Le tribunal de commerce de Pontoise, dans un jugement du 19 décembre 2025, statuait sur la poursuite de la période d’observation ouverte à l’égard d’une société par actions simplifiée. Le redressement judiciaire avait été prononcé le 7 novembre 2025, avec une période d’observation de six mois et un réexamen obligatoire sous deux mois. La question centrale était de savoir si les conditions légales permettaient de prolonger cette période pour élaborer un plan. Le tribunal a répondu par l’affirmative en ordonnant la continuation de la période d’observation jusqu’au 7 mai 2026.
La poursuite de la période d’observation se justifie par la capacité financière de l’entreprise débitrice.
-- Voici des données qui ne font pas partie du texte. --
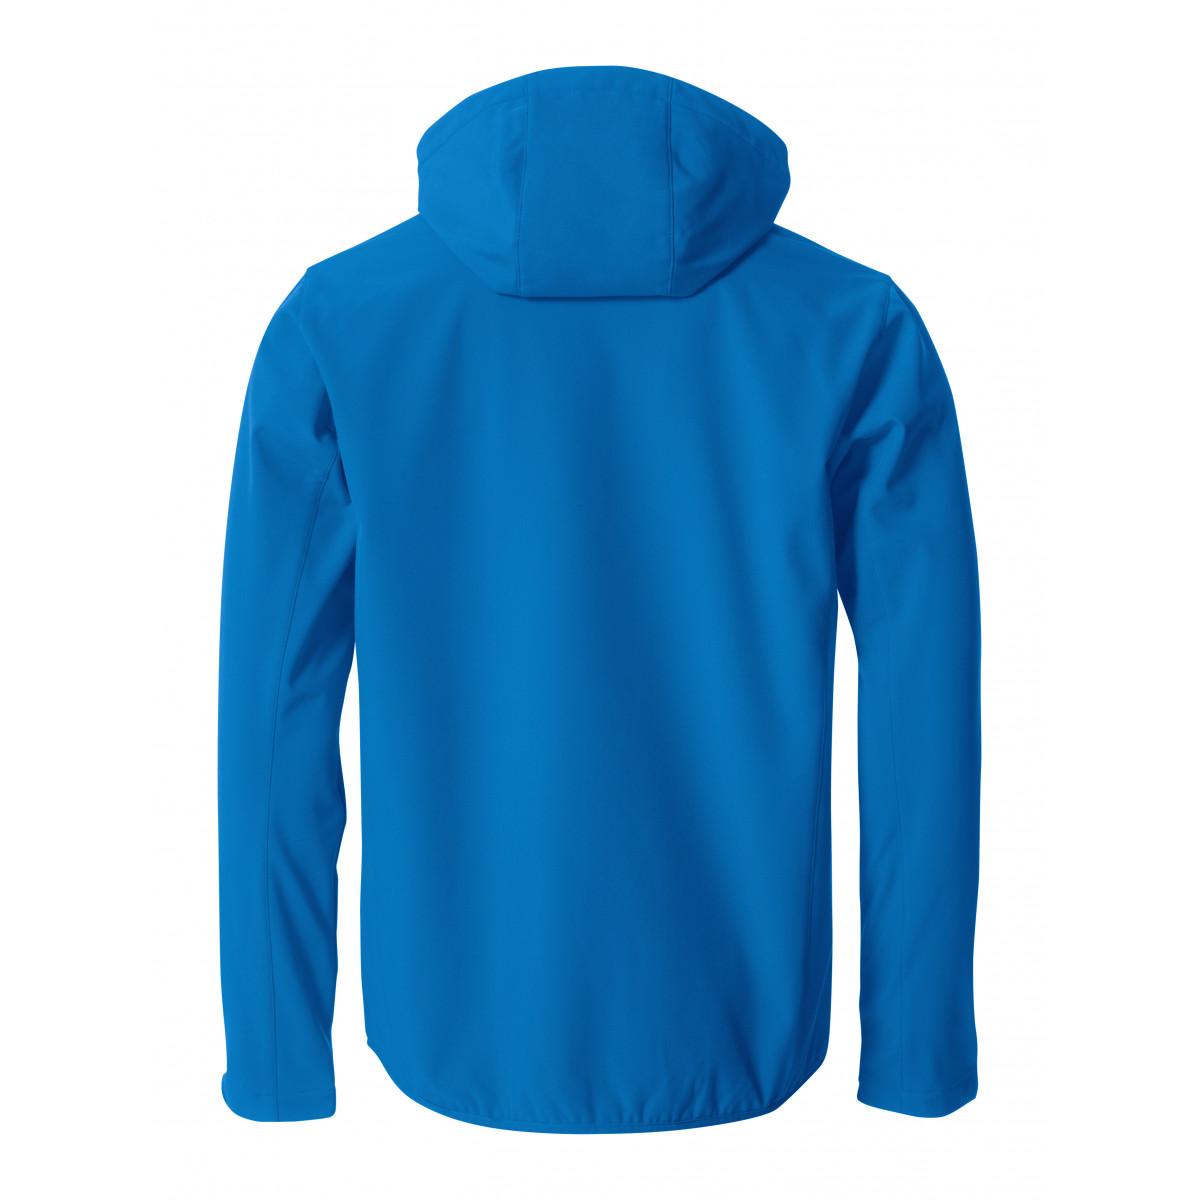 Ветровка мужская 020912 Basic Hoody Softshell - Ярко-синий

Le tribunal estime « que la poursuite de la période d’observation s’impose dans le cadre du redressement judiciaire de l’entreprise débitrice, l’entreprise disposant à cette fin des capacités financière suffisantes » (Motivation). Cette appréciation souveraine des juges du fond consacre leur pouvoir de contrôler la viabilité économique de l’entreprise. La valeur de cette solution est de subordonner la prolongation à une condition objective de solvabilité, protégeant ainsi les créanciers.
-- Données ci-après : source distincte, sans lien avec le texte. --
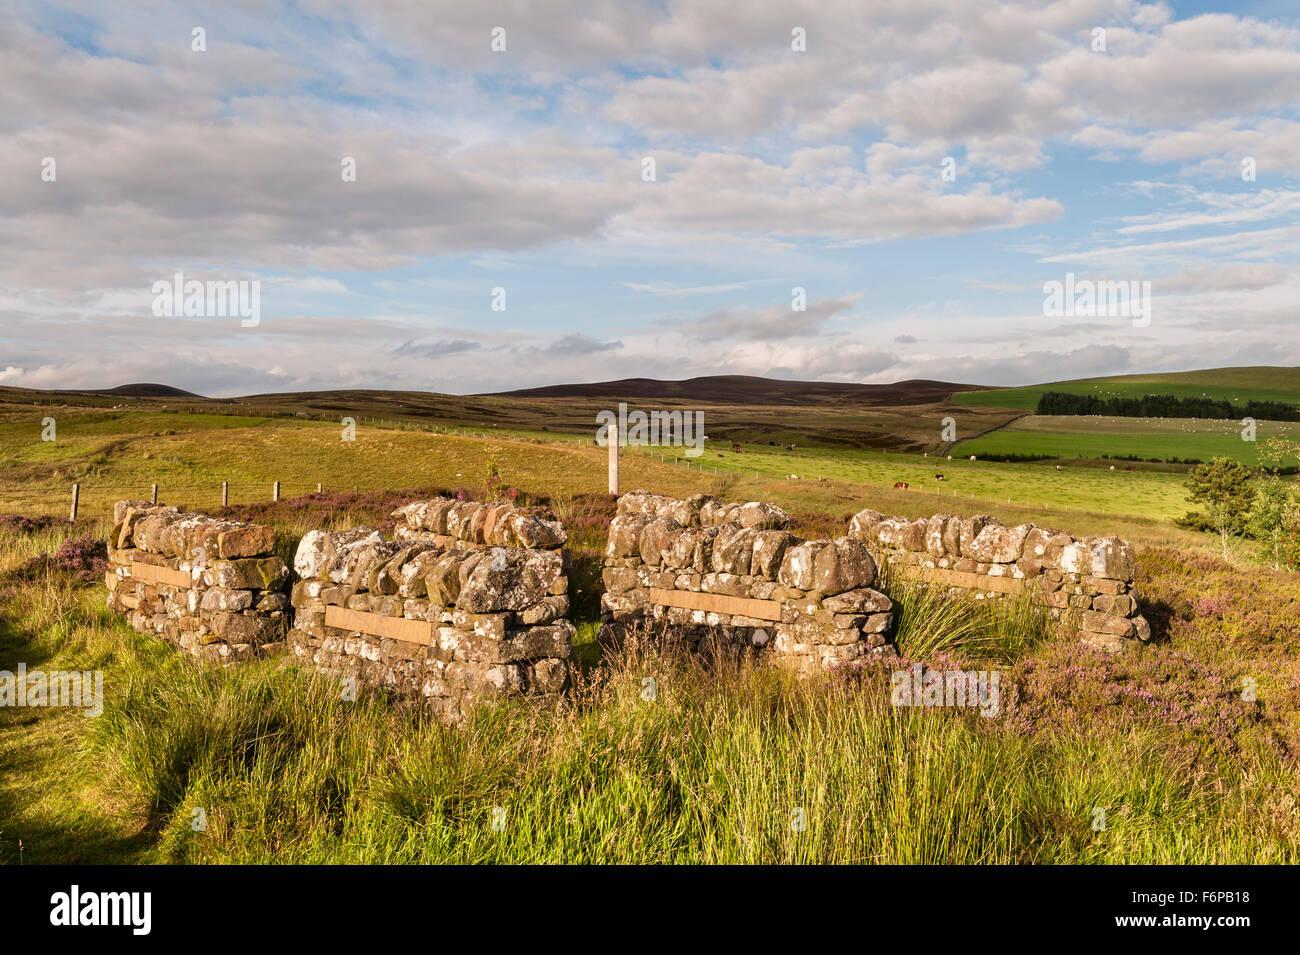 Little Sparta, Scotland. The garden created by the artist Ian Hamilton Finlay. 'Little Fields, Long Horizons' - Stock Image

La décision maintient le cadre procédural nécessaire à l’élaboration d’un projet de plan de redressement.
Le jugement fixe une nouvelle audience au 24 avril 2026 pour statuer sur l’issue de la période d’observation. Cette mesure temporaire a pour sens de permettre à l’administrateur et au mandataire judiciaire de poursuivre leur mission. Sa portée est d’éviter une clôture prématurée de la procédure collective, en offrant à la société débitrice un délai supplémentaire pour présenter un plan.
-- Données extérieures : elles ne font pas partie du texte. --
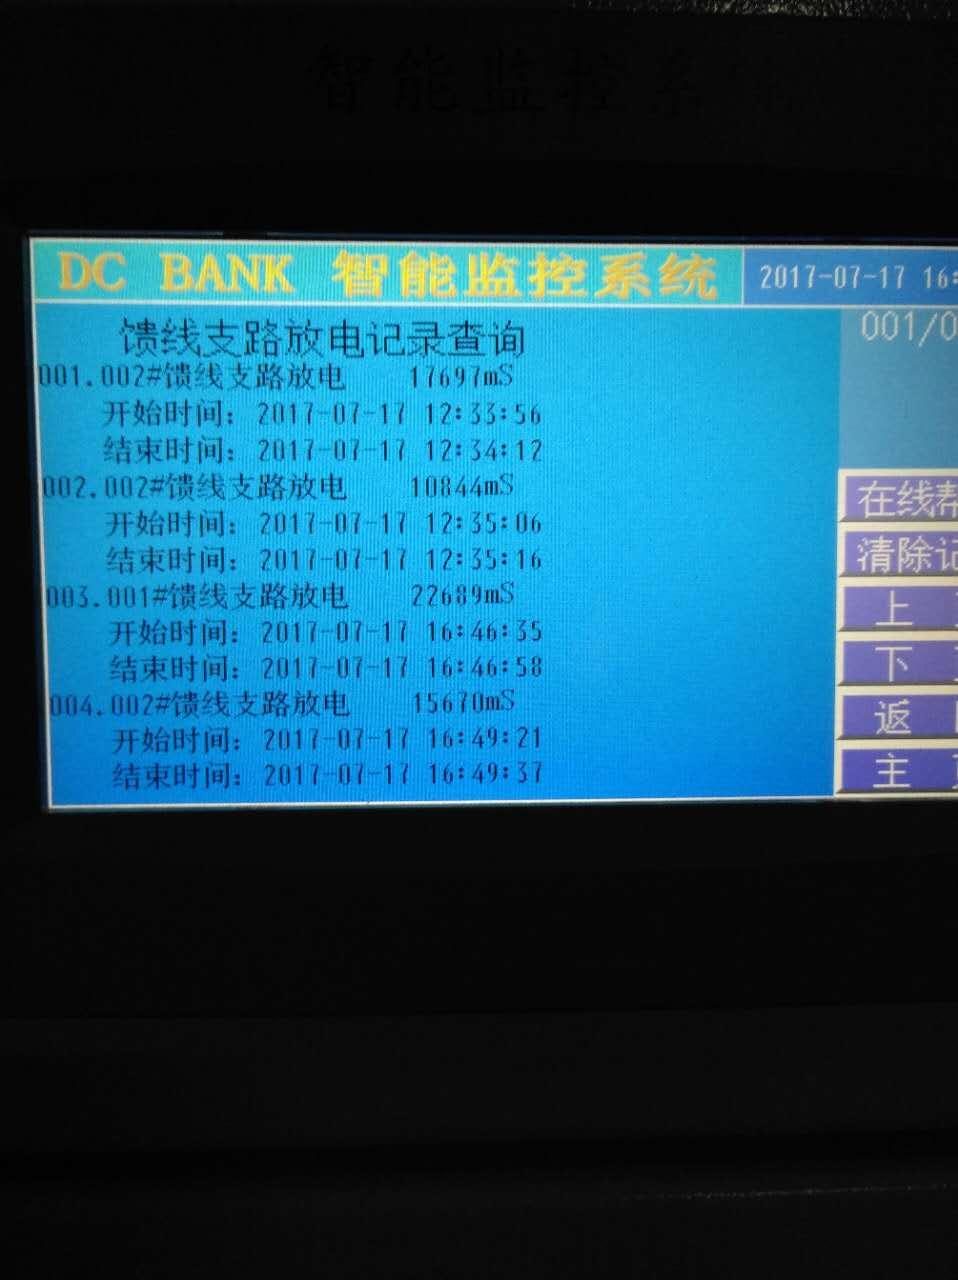 DC-BANK抗晃电系统,变频器直流支撑,动力不间断电源系统

La solution retenue illustre l’application pratique des articles L 631-15 et R 621-9 du code de commerce.
Le tribunal rappelle son fondement textuel en visant « l’article L 631-15 et de l’article R 621-9 du Code de Commerce » (Motivation). Ce rappel systématique ancre la décision dans un cadre légal strict. La portée de ce contrôle judiciaire est de garantir que la période d’observation ne soit pas prolongée sans perspective sérieuse de redressement, préservant ainsi l’intérêt collectif des créanciers.